Up-regulation of proteasome pathway and the growth inhibitory effect of proteasome inhibitors on T-ALL cells. (A) GSEA histograms for human T-ALL cells (cell lines or primary clinical samples) representing the “proteasome pathway.” The NES and the nominal P value are indicated. GSI-treated T-ALL cell lines (G), DMSO-treated T-ALL cell lines (D), wild-type primary T-ALL samples (W), and NOTCH1-mutant primary samples (M). (B) IC₅₀ values with the proteasome inhibitors MG-132 and bortezomib. Mouse leukemic DP cells (mouse T-ALL) were obtained from the mouse after 8 weeks after transplantation of Lin⁻ hematopoietic cells that had been transduced with the ICN1 gene. Mouse T-ALL cells and various types of human leukemia/cancer cell lines were treated for 3 days with a proteasome inhibitor MG-132 (1 mouse T-ALL, 4 GSI-sensitive T-ALL, 4 GSI-resistant T-ALL, 3 acute myeloid leukemia [AML], 4 B-cell non-Hodgkin lymphoma [B-NHL]/multiple myeloma [MM]/chronic lymphocytic leukemia [CLL], 4 neuroblastoma [NBL], and 4 other cancer cell lines) or bortezomib (4 GSI-sensitive T-ALL and 4 GSI-resistant T-ALL). The number of viable cells was measured by the MTT assay, and the IC₅₀ values were calculated for each cell. (C) Synergistic effect of MG-132 in combination with GSI. Three GSI-sensitive and 3 GSI-resistant T-ALL cell lines were treated with or without MG-132 (0.3μM) in the presence or absence of GSI MRK-003 (1μM) for 6 days. The number of viable cells was measured by the MTT assay.

Figure 6

Growth inhibitory effect of the HDAC inhibitor vorinostat and the PI3K inhibitor LY-294002 on T-ALL cell lines. (A) Negative correlation of the T-ALL gene expression signature with vorinostat and LY-294002. CMAP analysis was performed on a T-ALL gene expression signature with 6100 instances of compounds. Green and red represent positive and negative correlation, respectively.

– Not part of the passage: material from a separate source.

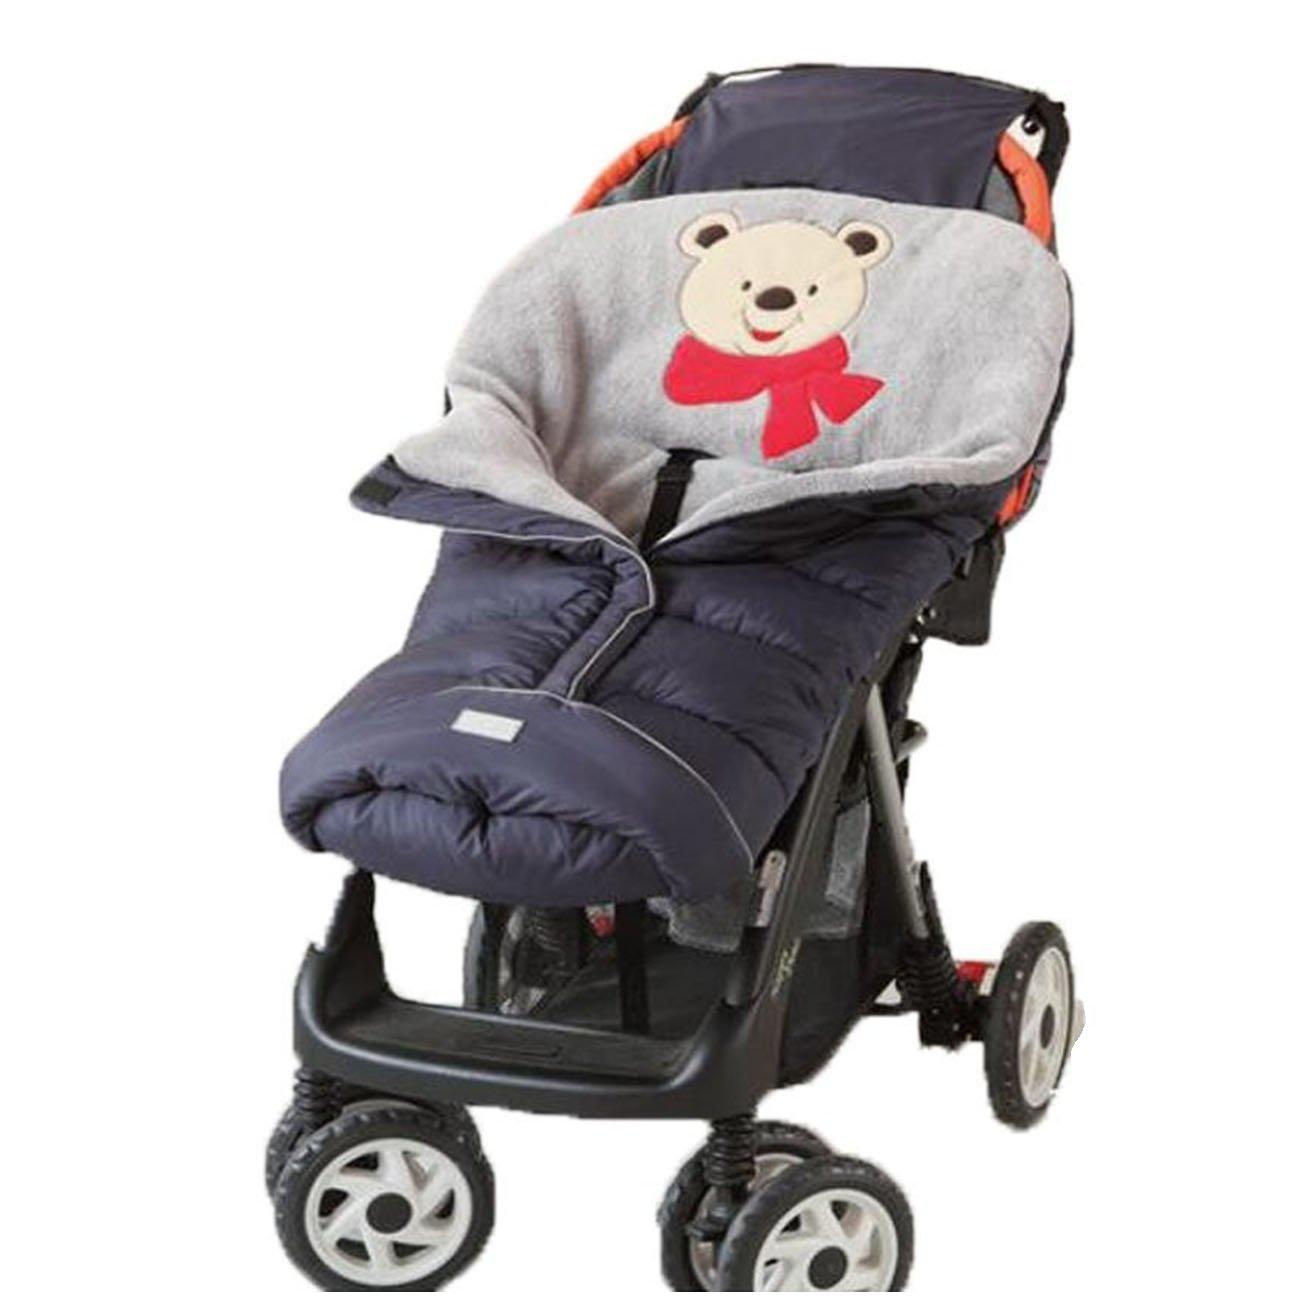 Universal Baby Stroller Sleeping Bag Footmuff Sack Winter Outdoor Waterproof Swaddling Blankets (Blue(0-6M)) cattam0110

Each dataset is indicated by a black bar. (B) IC₅₀ values with the HDAC inhibitor vorinostat and the PI3K inhibitor LY-294002. Mouse leukemic DP cells (mouse T-ALL) and various types of human leukemia/cancer cell lines were treated for 3 days with vorinostat or LY-294002 (1 mouse T-ALL, 4 GSI-sensitive T-ALL, 4 GSI-resistant T-ALL, 3 AML, 4 B-NHL/MM/CLL, 4 NBL, and 4 other cancer cell lines). The number of viable cells was measured by the MTT assay, and IC₅₀ values were calculated for each cell. (C-D) Synergistic effects of LY-294002 and vorinostat in combination with GSI. Three GSI-sensitive and 3 GSI-resistant T-ALL cell lines were treated with or without LY-294002 (10μM; C) or vorinostat (0.3μM; D) in the presence or absence of GSI MRK-003 (1μM) for 6 days. The number of viable cells was measured by MTT assay.

Figure 7

Growth inhibitory effect of the HSP90 inhibitor alvespimycin on T-ALL cell lines. (A) Negative correlation of the T-ALL gene expression signature with alvespimycin. CMAP analysis was performed on a T-ALL gene expression signature with 6100 instances of compounds. Green and red represent positive and negative correlation, respectively. Each dataset is indicated by a black bar. (B) IC₅₀ values with the HSP90 inhibitor alvespimycin. Mouse leukemic DP cells (mouse T-ALL) and various types of human leukemia/cancer cell lines were treated for 3 days with vorinostat or LY-294002 (1 mouse T-ALL, 4 GSI-sensitive T-ALL, 4 GSI-resistant T-ALL, 3 AML, 4 B-NHL/MM/CLL, 4 NBL, and 4 other cancer cell lines). The number of viable cells was measured by the MTT assay, and IC₅₀ values were calculated for each cell. (C) Combination treatment of alvespimycin with GSI. Three GSI-sensitive and 3 GSI-resistant T-ALL cell lines were treated with or without alvespimycin (0.1μM) in the presence or absence of GSI MRK-003 (1μM) for 6 days. The number of viable cells was measured by MTT assay.